Veronica has aspirations to go to the top – to make co-news anchor. Burgundy
convinces Veronica to see him out of the office, insinuating that it may boost
her status around the office. The other men make crude passes on Veronica, and
it’s at this point that “Anchorman” looks like its seriously
going to make an attack on sexual harassment, and do something pointedly funny
about undervalued feminism. Instead, the movie makes the point to not do anything
more than to throw one-line punchlines around. A large number of guest star cameos come through the gates when the movie goes
into automatic pilot. I won’t reveal which actors show up, but I will
mention one (Spoiler alert.) There is a cameo by Jack Black, and he isn’t
given one decent joke in his entire appearance. The behind-the-camera team of
this movie must have figured that if they hired some funny people for a day,
they could come in and improvise something funny. It doesn’t happen. Bad
hairstyles and ugly neckties alone can’t make an actor more interesting.

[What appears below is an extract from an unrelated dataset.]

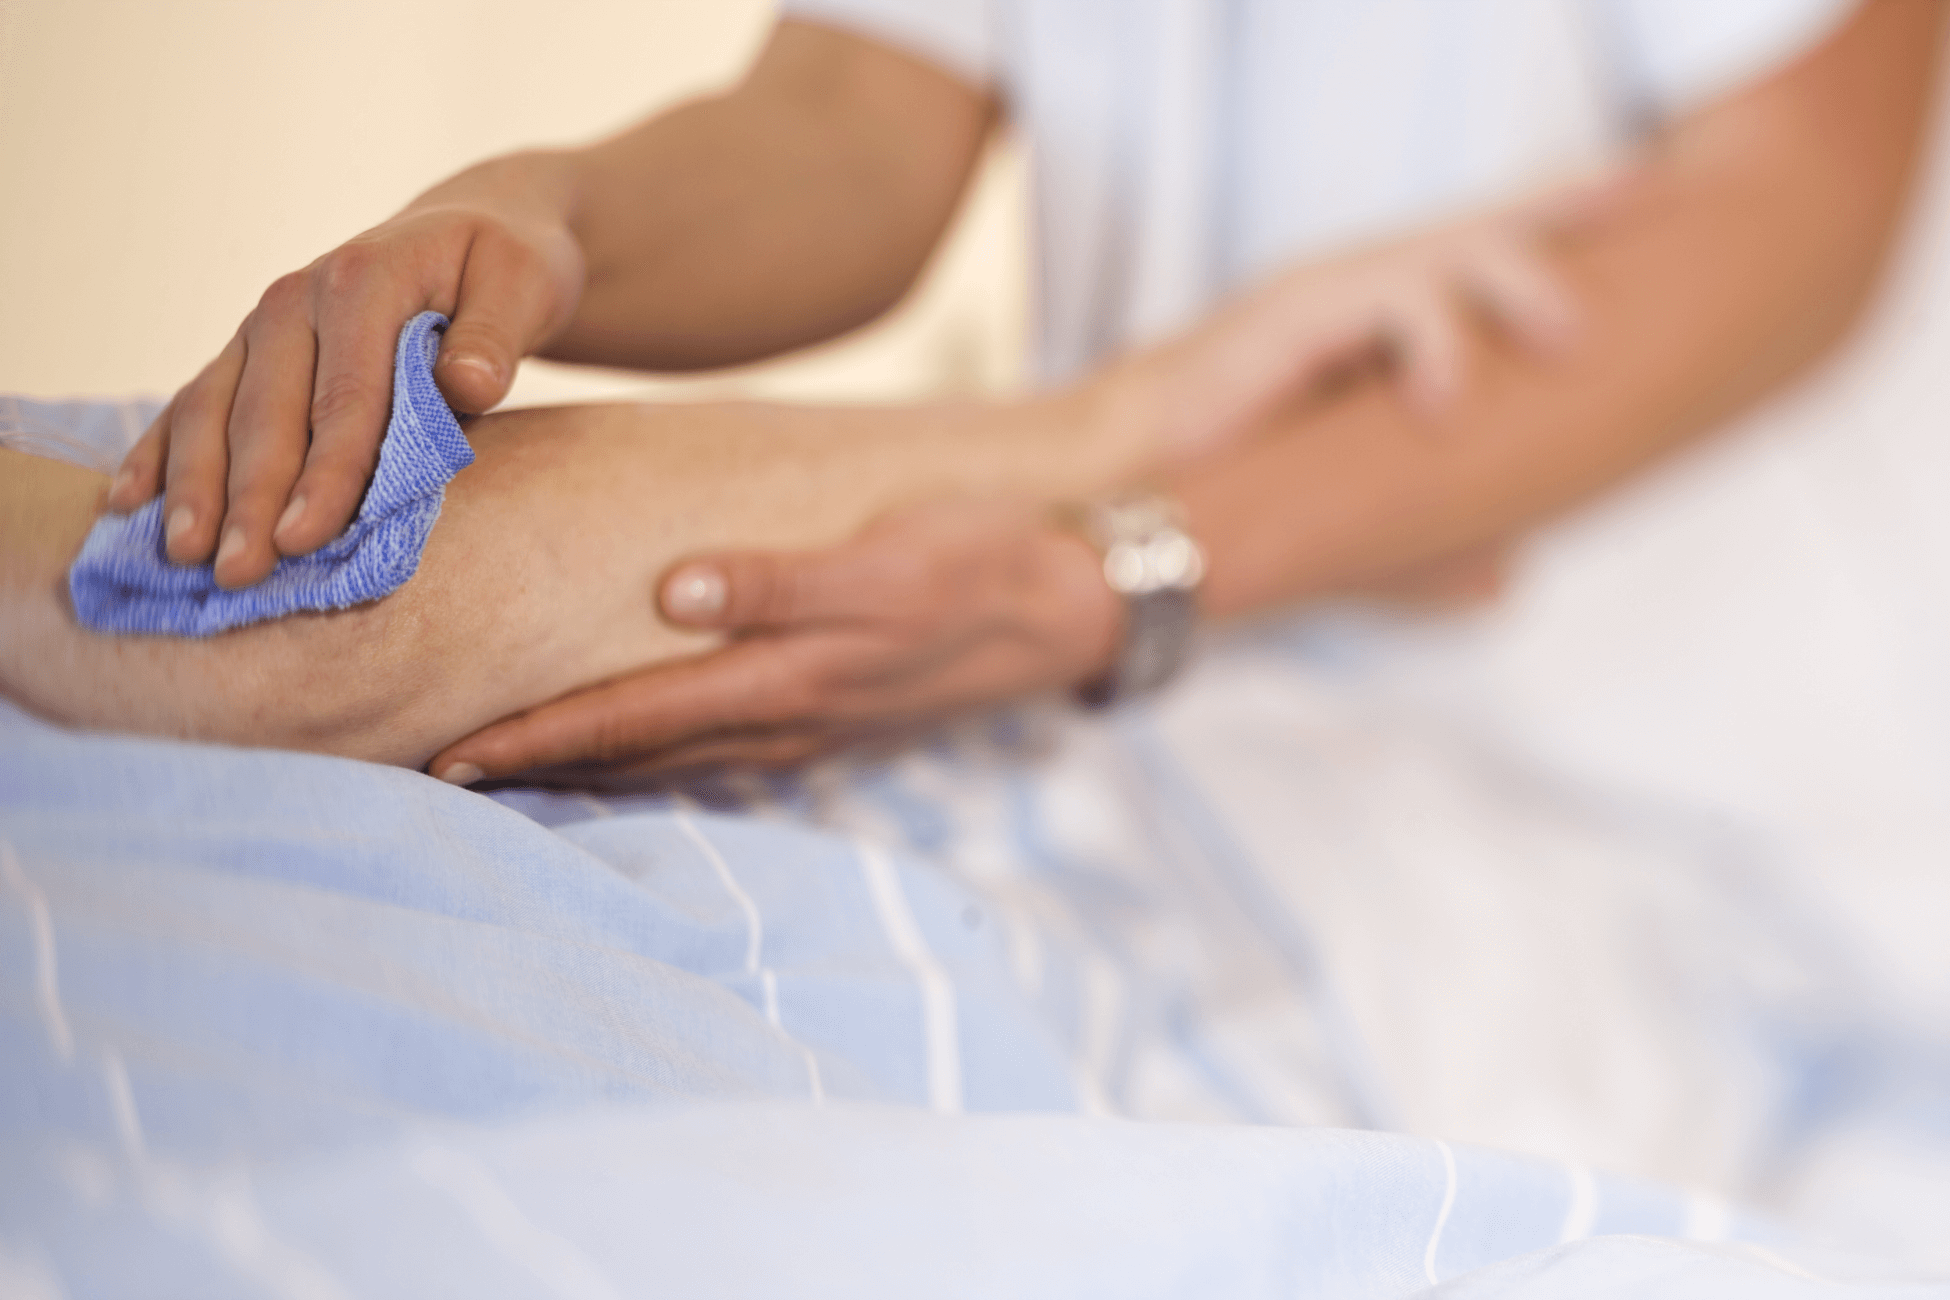 Der Arm einer pflegebedürftigen Person wird sanft mit einem Waschlappen gereinigt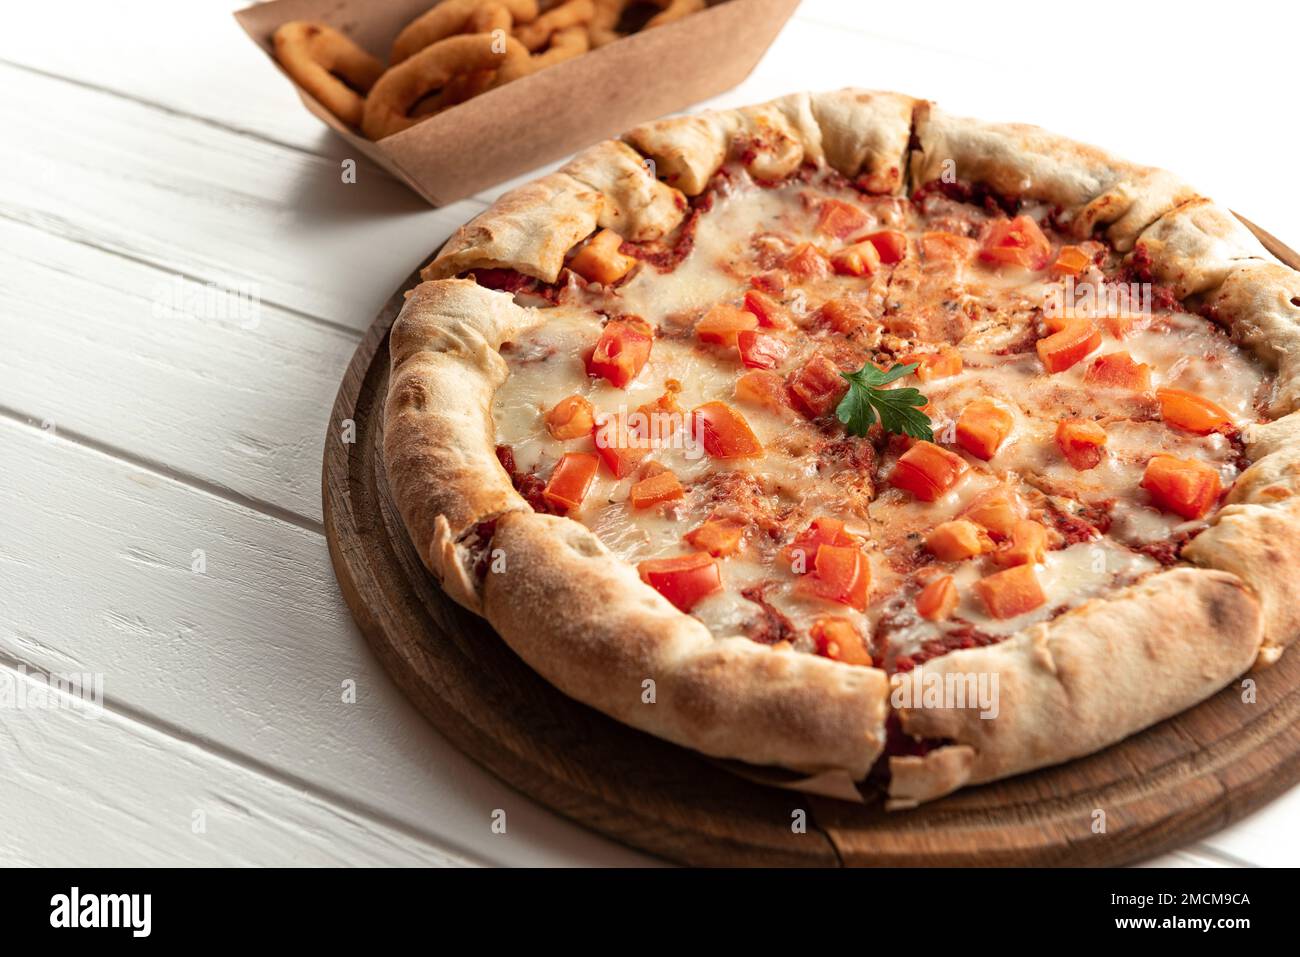 Margarita Pizza auf dem Weißen, Draufsicht. Margarita Pizza mit Tomaten, Basilikum und Mozzarella Käse Stockfoto

There is also a gang war that breaks out between competing Southern California
news teams. The whole sequence is kind of outlandish and over-the-top (it has
echoes of “Braveheart” and “Gladiator”), but it can’t
be worth more than a chuckle or a sigh maybe. “Anchorman” makes
the unfortunate decision of following one fight sequence with yet another fight
sequence right afterwards, that is miserably unfunny. That is repetition practiced
at its worst. The rest of the movie plummets from there. The failure to produce a satisfying
second-half to the movie simply has to do with the lackluster script. Ferrell
co-wrote the film with Adam McKay (who also directed), and together they seemed
to have come up with funny concepts but couldn’t execute anything exciting
or original out of their ideas. “Anchorman” should have tons of
laughs considering its potential targets: network news, swinging sex, stifled
feminism, bad disco. Instead, the movie throws its characters into a bear pit
at the San Diego zoo. Nothing newsworthy happening there.